Determining the Ionization Constants of Organic Acids Using Fluorine Gauche Effects

Using NMR spectroscopy, the conformational studies of two fluoroethylsulfonamides (N-(2-fluoroethyl)-p-tolylsulfonamide (1) and N-(2-fluoroethyl)­trifluoromethanesulfonamide (2)) revealed that fluorine gauche effects are a function of ionization. While acids 1 and 2 exhibited gauche effects (with gauche populations of 87% and 92% in DMSO-d 6, respectively), their anions, on the other hand, preferred the anti conformer (with gauche populations of 35% and 55%, respectively).
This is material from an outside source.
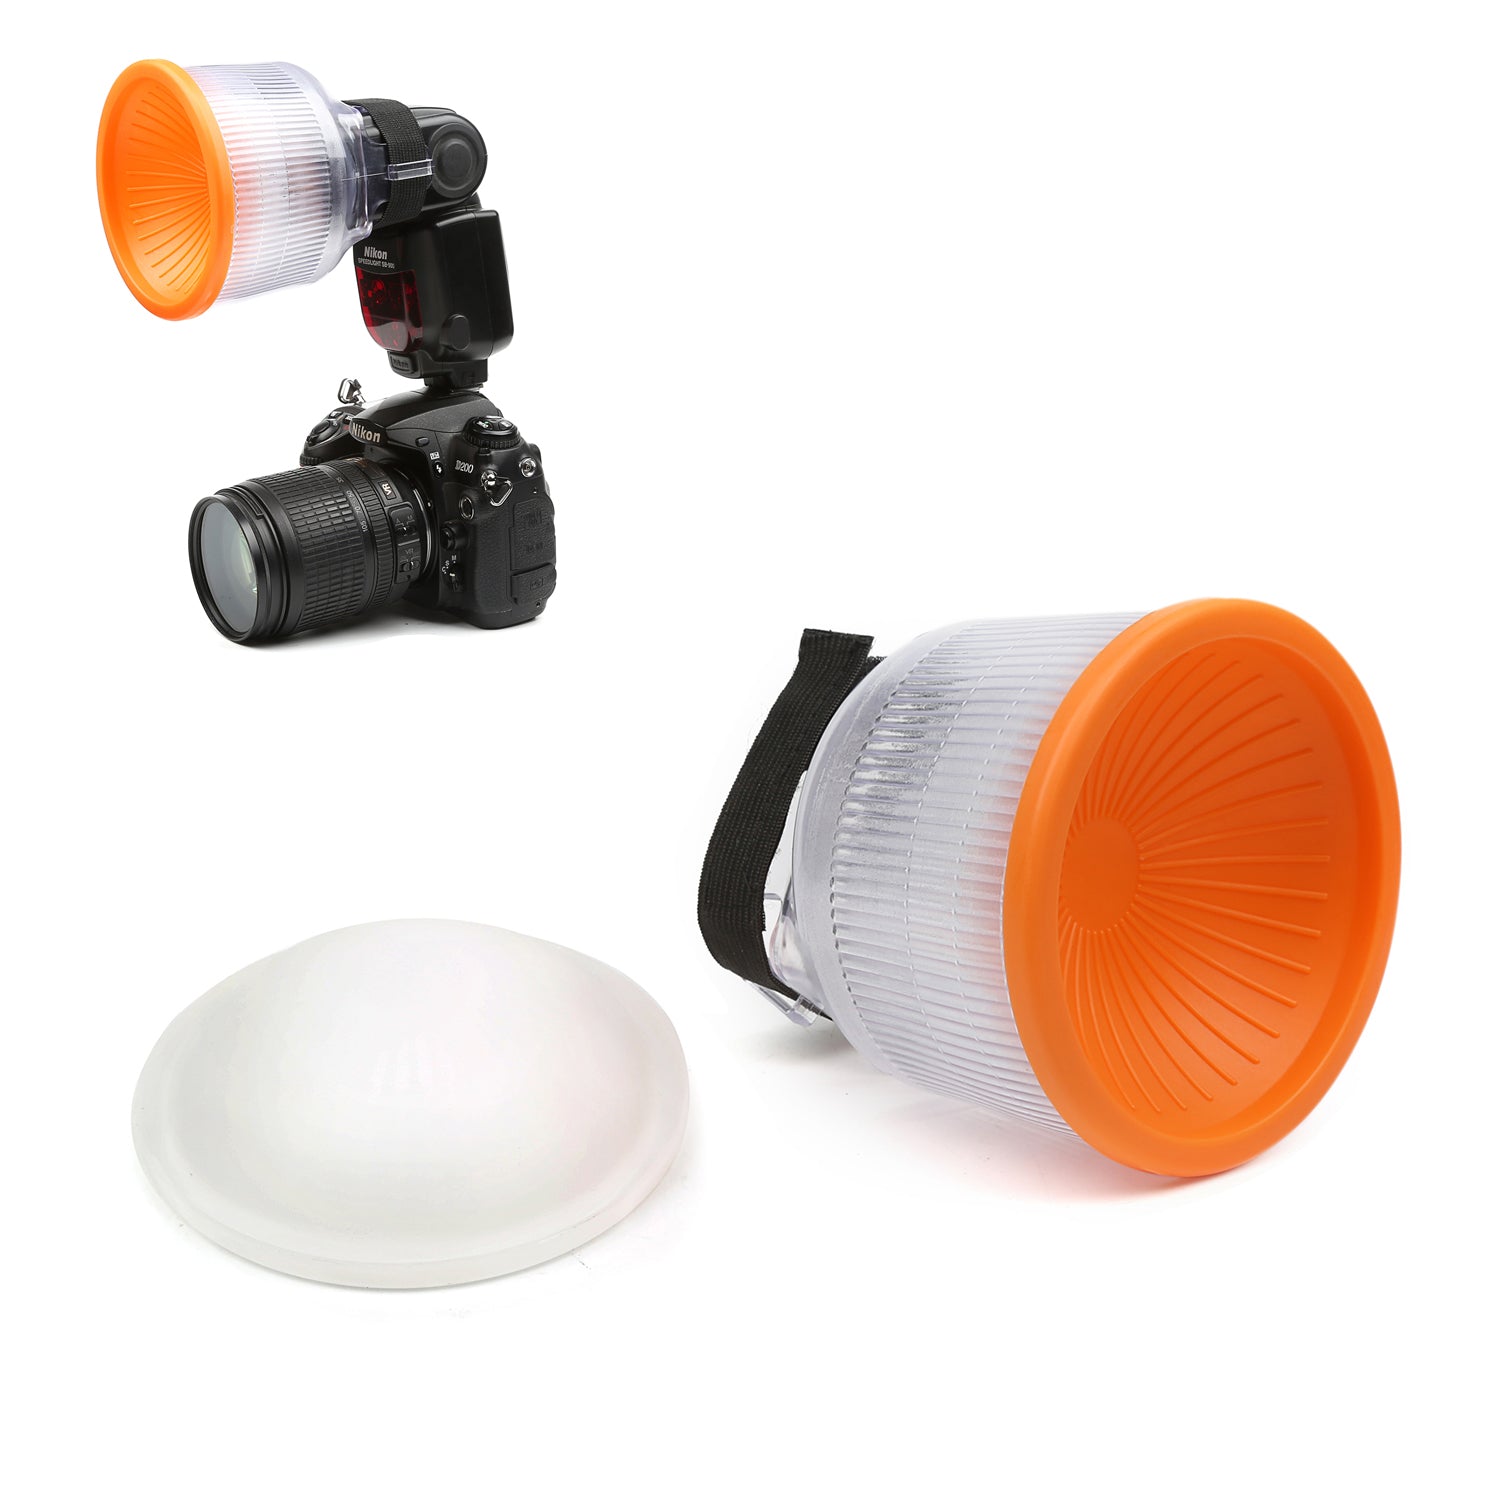 Universal Bowl Light Compatible Diffuse Diffuser Bowl Flash Cover Set Orange SLR Accessories Parts for Canon Nikon Sony

The ability of these compounds to undergo conformational changes as a function of ionization enabled their application as molecular probes (standards) for determining the acidity (pK a) of organic compounds in DMSO, which was achieved with the aid of the equation K rel = [(3 J AH – 3 J obs)/(3 J obs – 3 J A)]2, where K rel is the ratio of ionization constants of two acids (standard and test acids), 3 J AH and 3 J A are the proton–fluorine vicinal coupling constants of the standard acid and its anion, respectively, and 3 J obs represents the proton–fluorine vicinal coupling constant observed at the midpoint of an acid–base equilibrium. As a means of demonstrating its utility, this equation accurately calculated the ionization constants (K a) of several organic compounds in DMSO. Taking advantage of fluorine’s unique gauche effect as a strategy for molecular design has the potential to open a new frontier in structural chemistry.